The roots of resilience, self-esteem, and self-confidence lie in the ability of parents to actively work to discover their new baby. We begin to feel good or badly about ourselves right from the beginning due to how parents respond to our cries, smiles, signals, cues, and behavior. All parents have their own histories and childhood memories that shape their expectations for and experiences with their children. The sensitive parent will be able to respond and adjust to the child’s unique characteristics instead of expecting the child to adjust to the parent.

Here are some suggestions for ways to promote your child’s self-esteem.

Routines

Starting in infancy, consistent routines provide structure and predictability. They help a child develop organizational skills—neural pathways in the brain are actually strengthened over time that help a child be more organized.
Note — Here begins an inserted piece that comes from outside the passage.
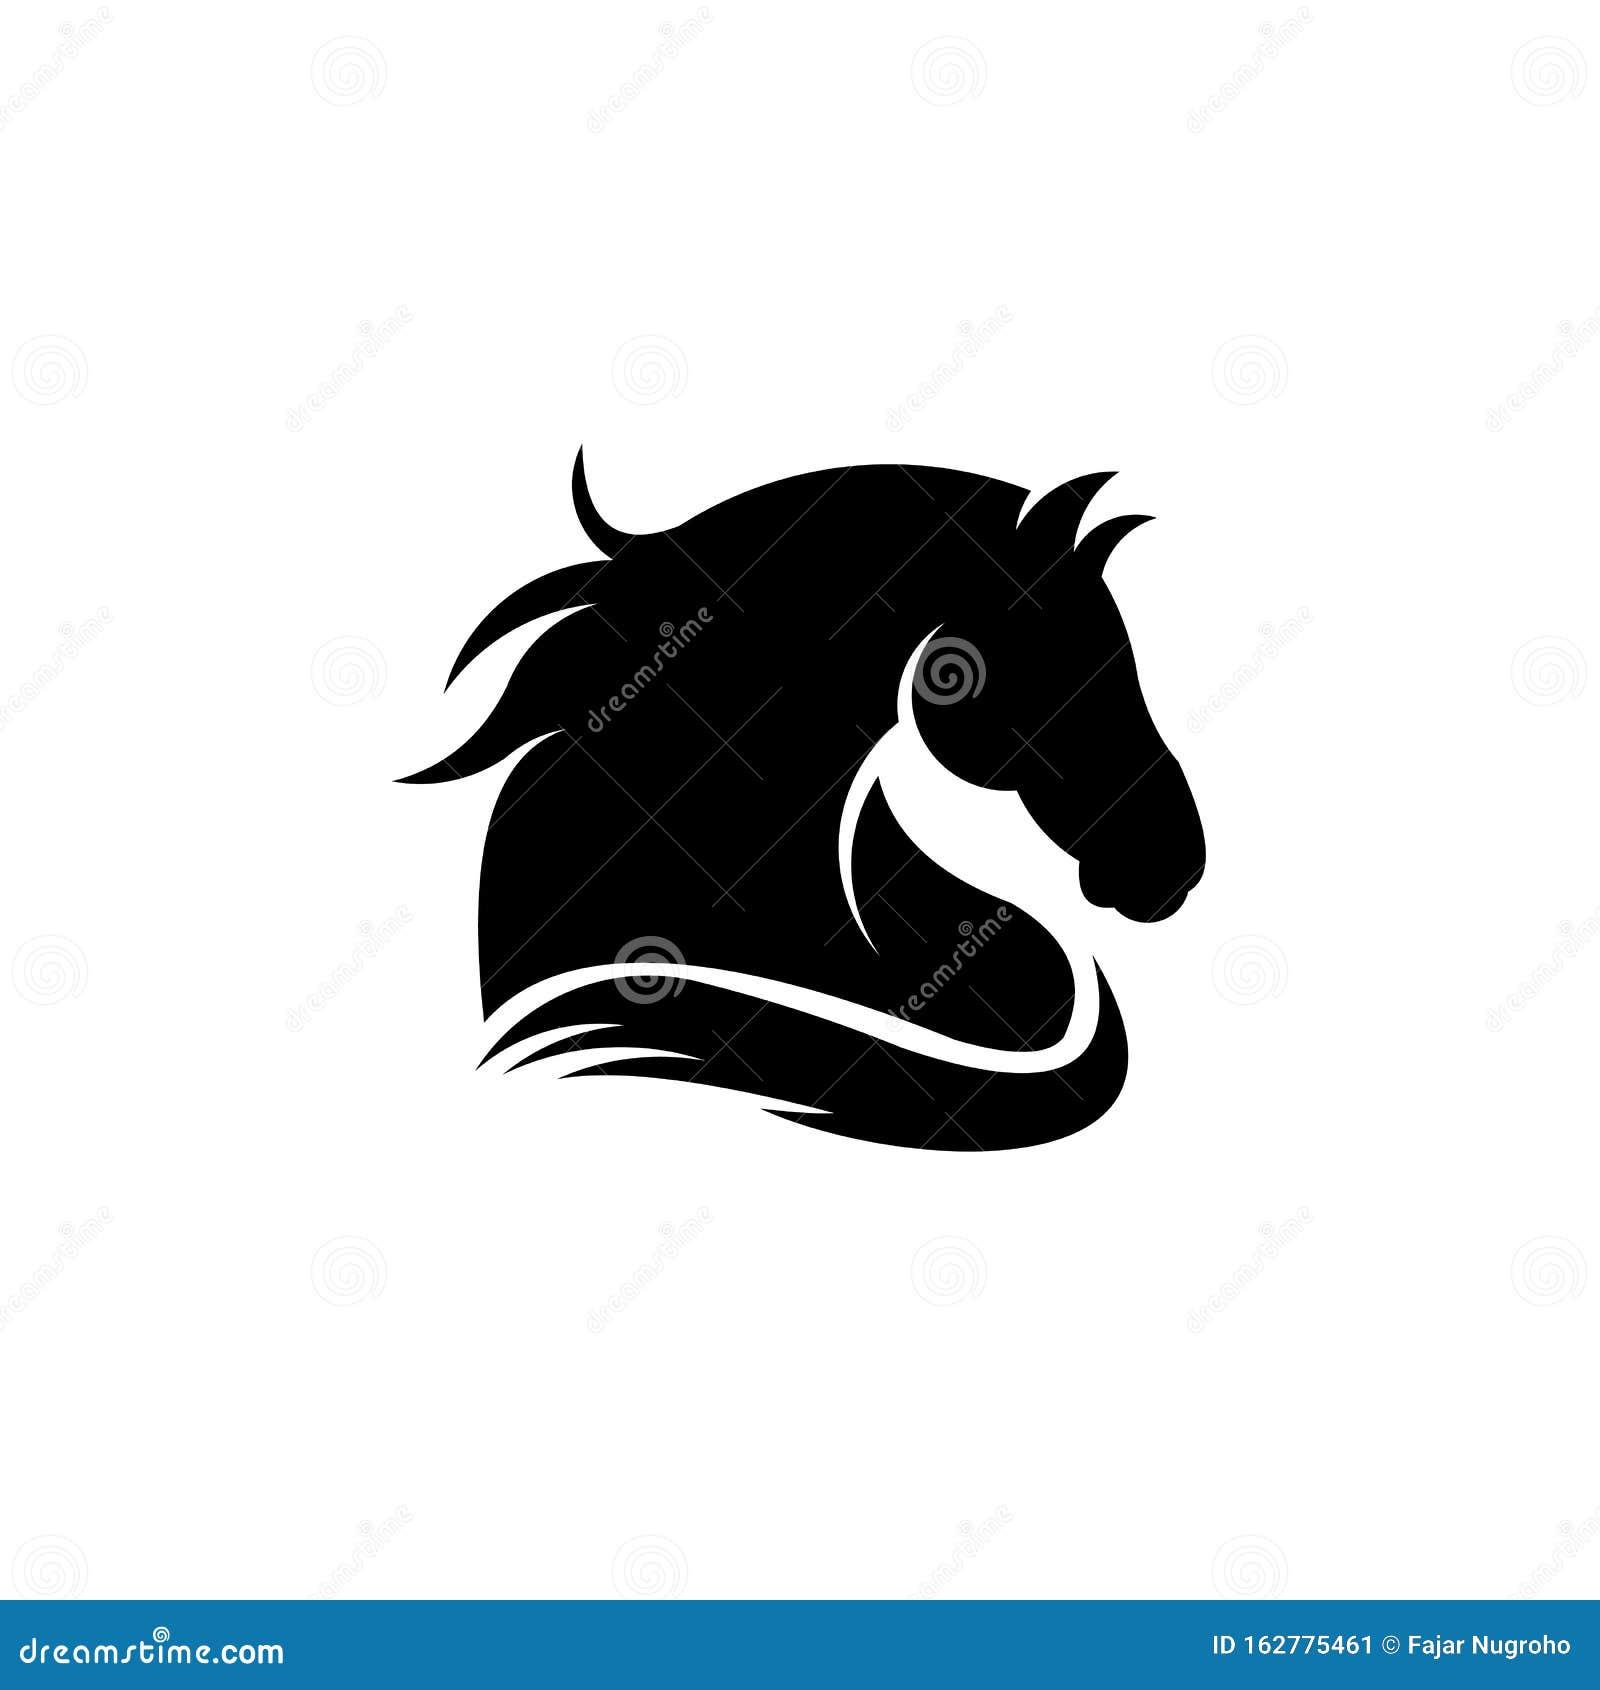 Inspiration Logo Vector Animal Horse Head Stock Vector Illustration Of Bronco Mustang 162775461

Predictability helps with our sequential processing (understanding that there is a beginning, middle, and end to a process). In addition, predictable routines help children develop a sense of mastery when they know and can predict what is going to happen next. Providing structure helps children feel safe, competent, and good about themselves. This has implications for helping a child develop organization around school work, being able to plan their time efficiently, follow stepped instructions, and get started and finish work in a timely manner.

Problem-solve WITH not FOR your child

The goal is to guide and support your child in her problem-solving efforts but not do for her what she has the skills to accomplish herself. Sometimes, your child’s times of greatest frustration are in fact wonderful opportunities for her to develop feelings of confidence, competence and mastery. She’ll learn that she can depend on you to encourage her. Meanwhile, she’s the one who finds the solution.

Responsibility

Age-and developmentally appropriate household chores and responsibilities are perfect ways to help children feel good about themselves. Feeling useful and needed makes children feel important and builds confidence. We all like to feel needed and know that we're making a contribution.
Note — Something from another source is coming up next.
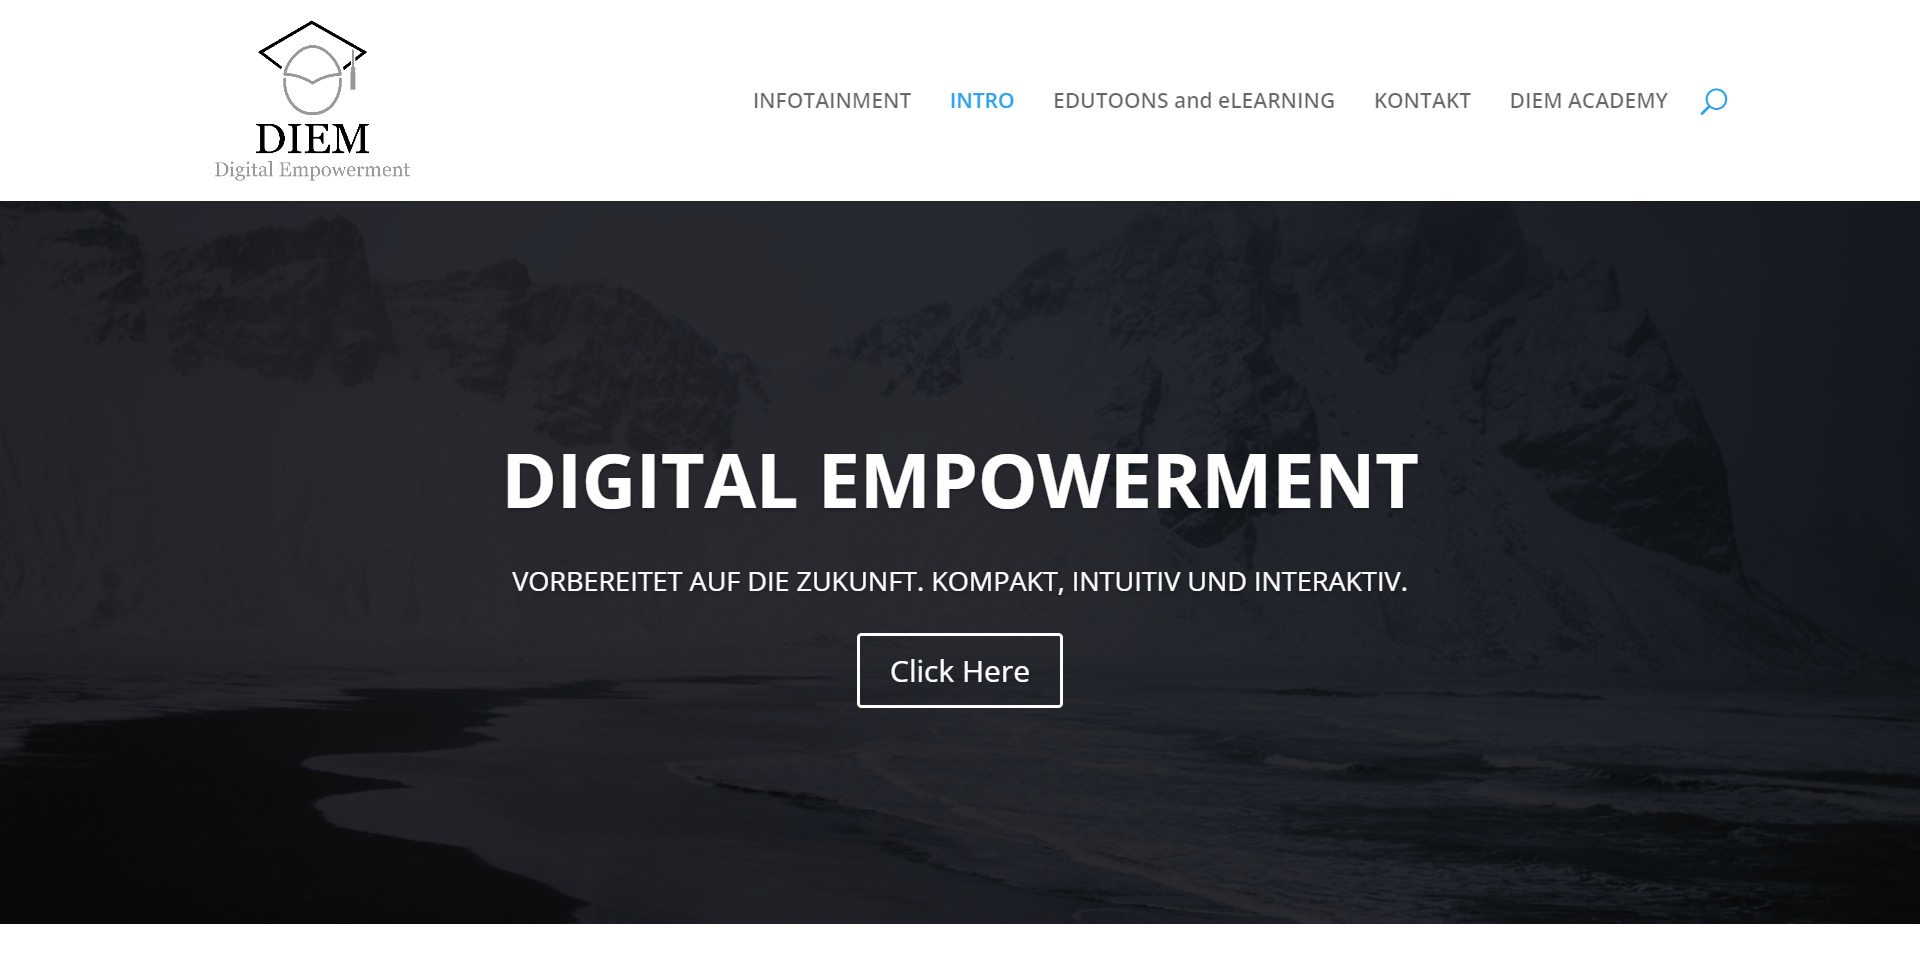 digital empowerment shot
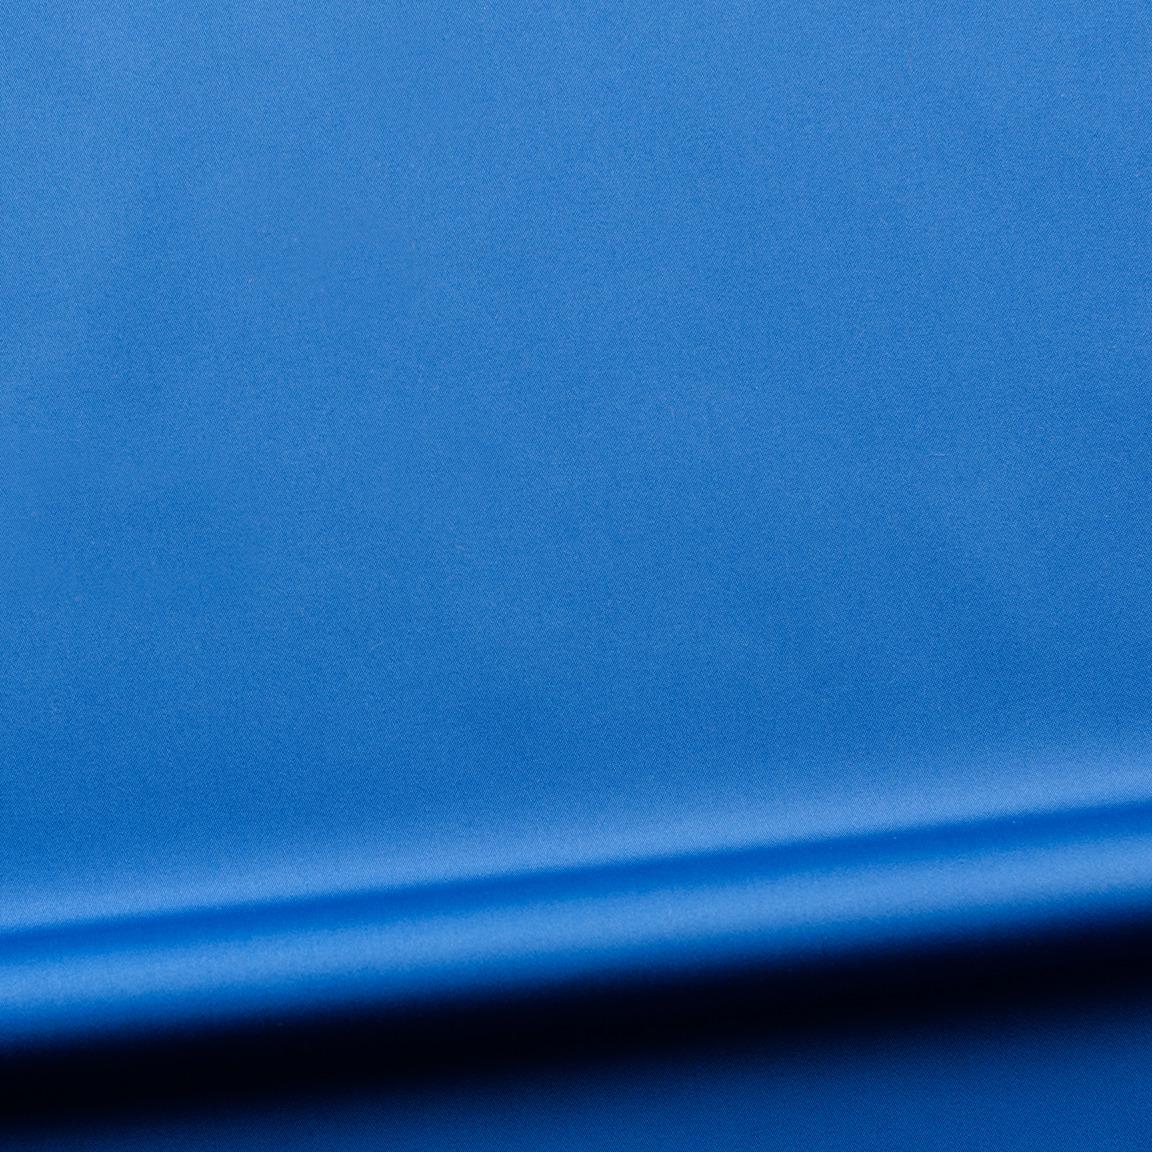 Royale, mid blue

Identify strengths and celebrate uniqueness

Open communication with your child about their own particular strengths and challenges can be very empowering. Communicate the message that everyone struggles with something and that difference is not something to be afraid of.

Mastery

If parents always swoop in to save a child from challenge, frustration, and disappointment it sends the message that the child is incapable of doing it on her own. Self-esteem comes from accomplishing something that is a challenge.

Praise

Focus on your child’s efforts and feelings about her accomplishment (versus yours). When parents praise persistence and effort, children are more motivated to learn new skills because it makes them feel good about themselves, not because they desire praise from others.